Major garante que advogados terão “total acesso” a inquérito
Não é o que diz o major Roberto Brancaleone, encarregado pela 3ª Divisão do Exército para atender as solicitações da imprensa sobre o caso. “Os advogados (da vítima) estão tendo total acesso ao inquérito, podem participar das diligências sem problemas. Basta que apresentem uma procuração”, argumenta o major. Segundo ele, o segredo de justiça é importante para que haja uma apuração efetiva das circunstâncias que envolvem a denúncia. “No momento, não se sabe bem o que aconteceu”, diz o militar. “Um sargento falou com o garoto (vítima), fez a denúncia e a partir daí foi aberto o inquérito. O objetivo é justamente esclarecer o que aconteceu”, acrescenta.
O inquérito militar foi aberto no dia seguinte ao incidente e tem prazo de 40 dias para conclusão. Até lá, os acusados de envolvimento permanecem livres, exercendo normalmente suas atividades. Segundo o major, não houve flagrante, de forma que o afastamento seria uma espécie de punição prévia aos soldados. Uma coisa, no entanto, é certa: o jovem que sofreu os abusos não retornará ao Parque Regional de Manutenção. “No momento, ele se encontra dispensado para ficar na residência de seus pais”, explica o major Brancaleone. “Terminando o inquérito, ele será transferido para outra unidade, aqui em Santa Maria. Seja qual for o resultado (da investigação), pode haver constrangimentos”.

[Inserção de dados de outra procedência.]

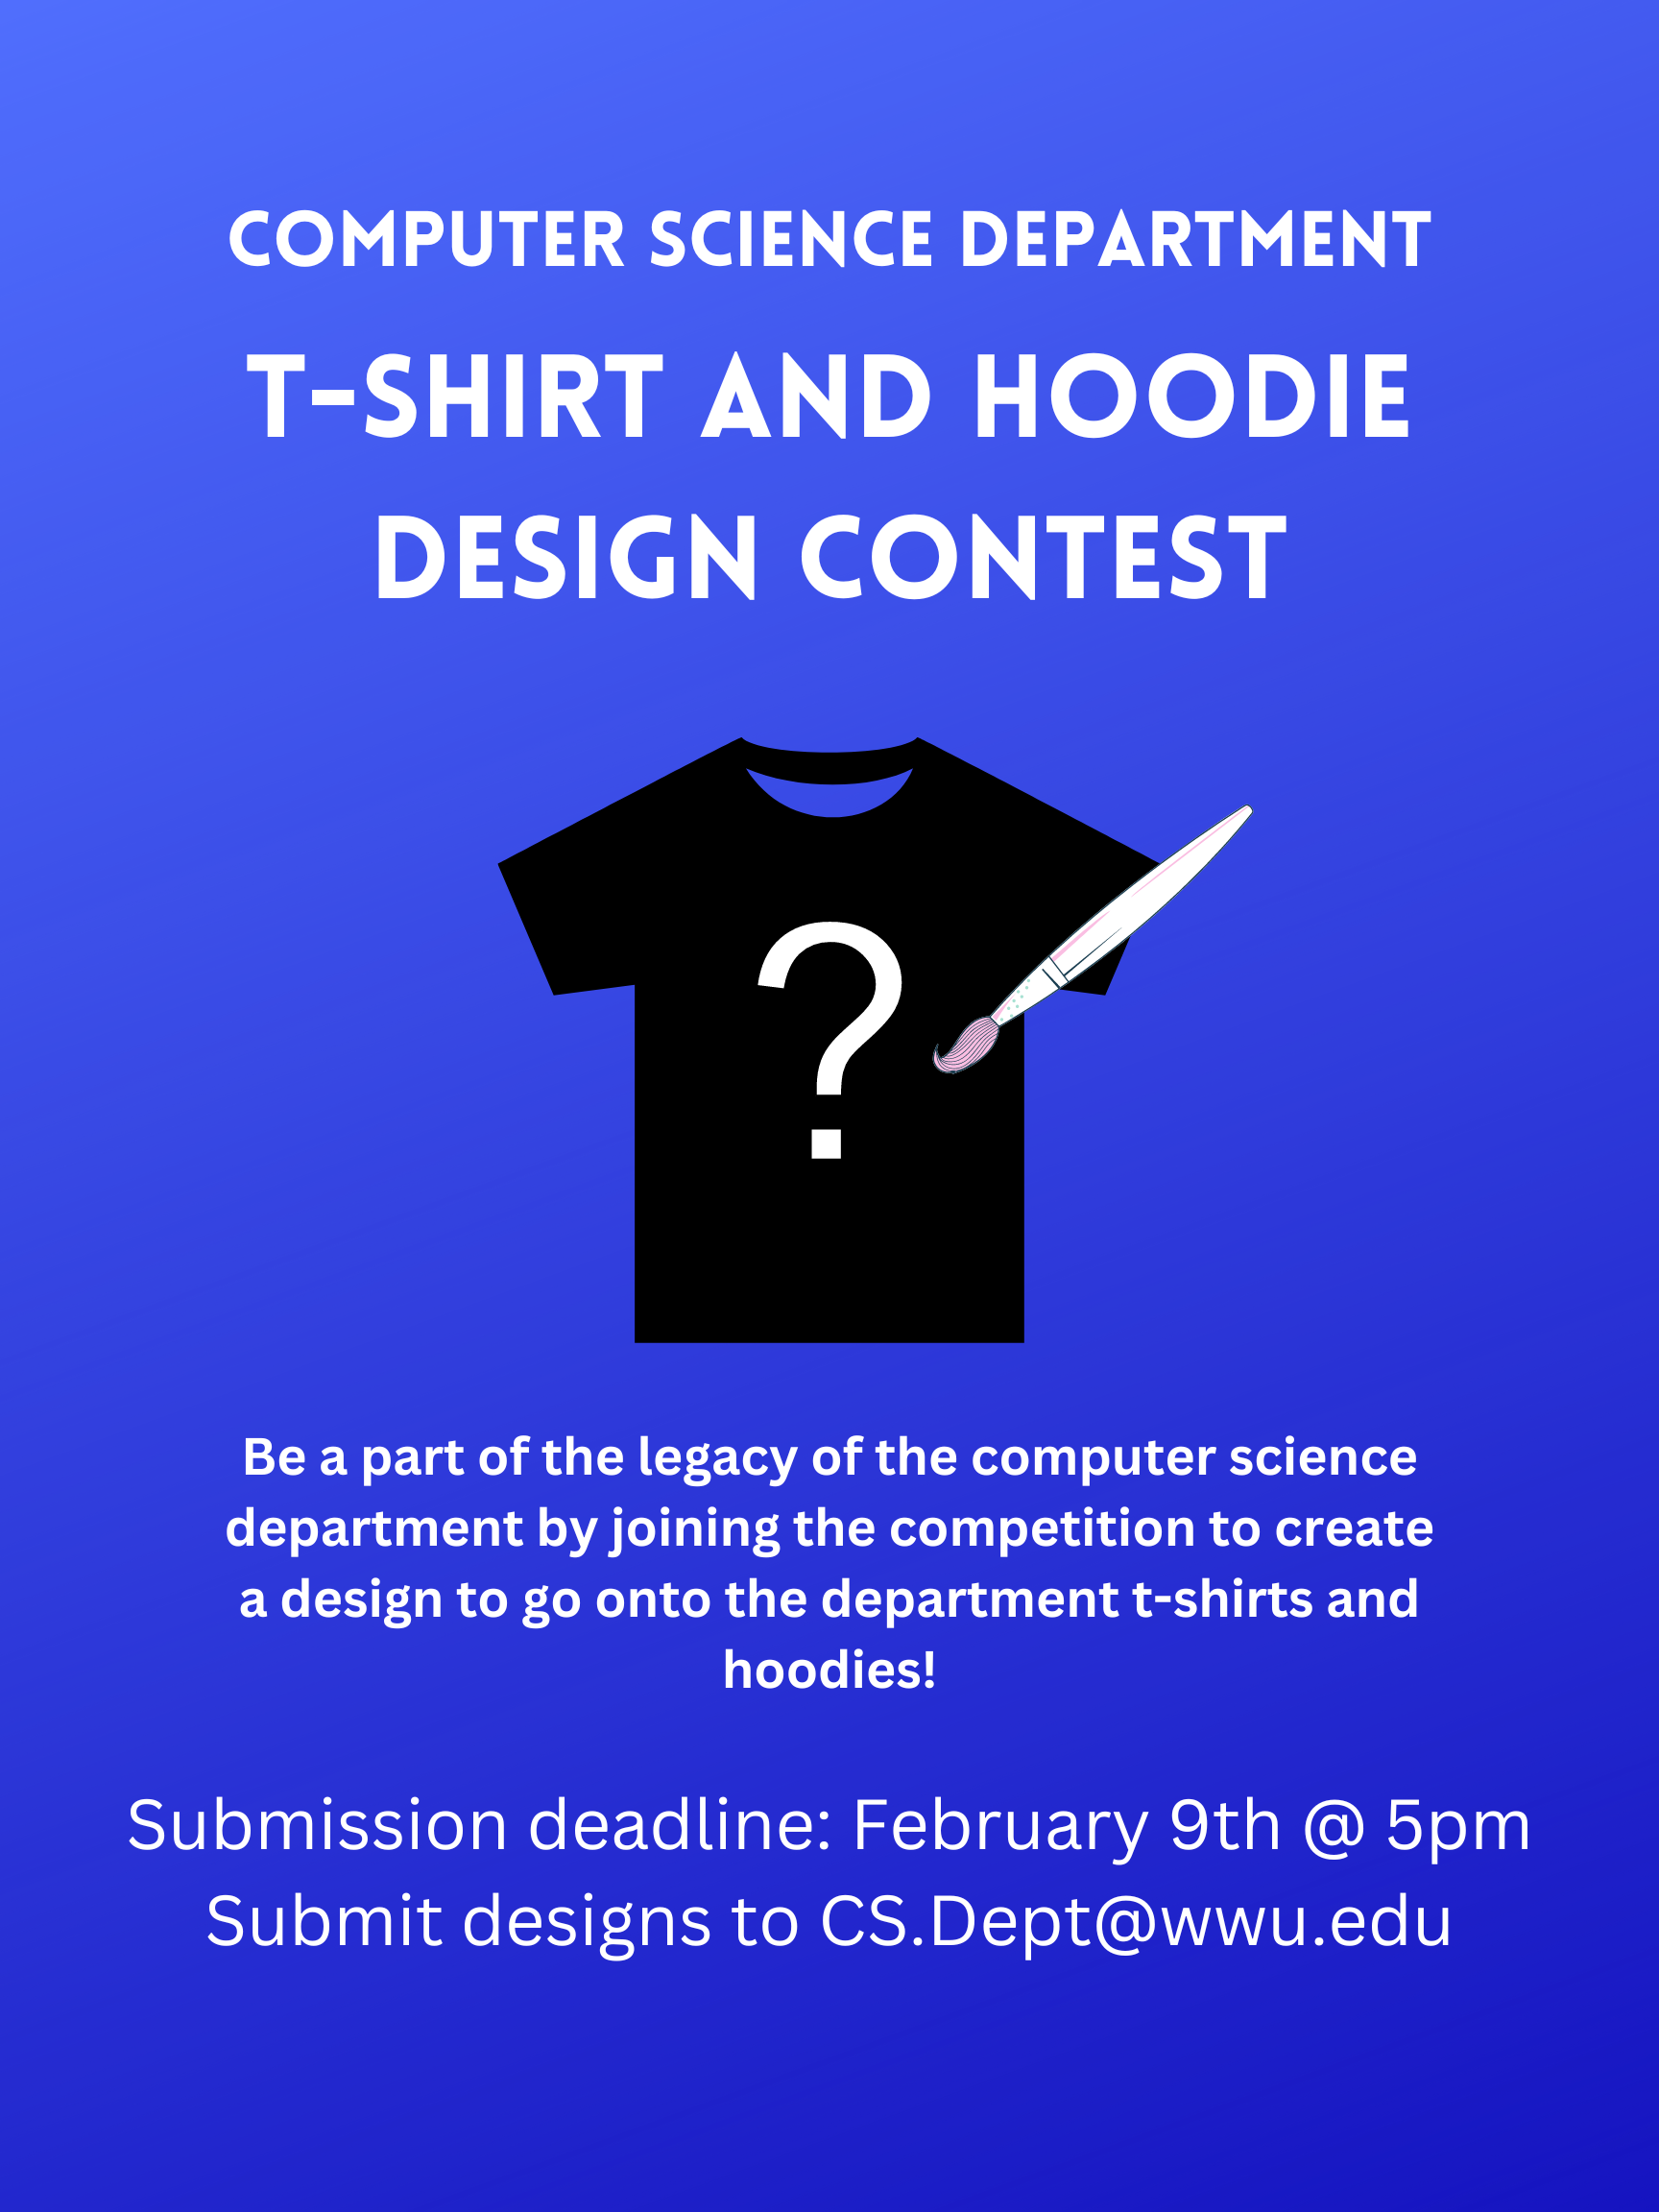 T-shirt design contest.  Submit to cs.dept@wwu.edu Deadline February 9th 5:00pm

O militar não comentou sobre as denúncias de que a família do agredido teria sofrido pressão de militares, insinuando que o sexo havia sido consentido e dando a entender que o jovem era portador do vírus HIV. Também não falou do suposto isolamento da vítima, que não teve contato nem com os pais nos primeiros dias após a violência. Segundo ele, essas questões serão tratadas exclusivamente no inquérito, não havendo o que informar a respeito no presente momento.
Familiares teriam sido informados de “mal súbito”
Segundo o advogado Lauro Bastos, que defende os interesses do jovem violentado dentro do quartel, a família está “arrasada” e a vitíma recebe acompanhamento psicológico para lidar com o trauma da agressão sofrida. Para garantir a apuração dos fatos, os advogados registraram ocorrência na Polícia Civil e solicitaram exame de lesões corporais, que teria comprovado o abuso sexual contra o soldado. Como os vereadores de Santa Maria que encaminharam ofício à Assembleia, os advogados também reclamam da dificuldade em obter informações junto ao Exército, o que teria motivado entrega de pedido formal à Procuradoria da Justiça Militar. Para a própria família, a primeira informação não dava contra da violência sexual, dizendo apenas que o jovem havia sofrido um mal súbito durante uma atividade interna do quartel.
“O Exército precisa responder à sociedade sobre o que aconteceu”, insiste o deputado Miki Breier, presidente da Comissão de Cidadania e Direitos Humanos da Assembleia do RS. Para ele, é inadequado manter qualquer tipo de sigilo sobre esse incidente. “Não é um caso de mau comportamento, uma coisa que pode ser tratada por procedimentos internos do Exército. É um caso gravíssimo, que pode até manchar a imagem de uma instituição muito importante para o país. Não pode ficar restrito ao foro interno”, reforça.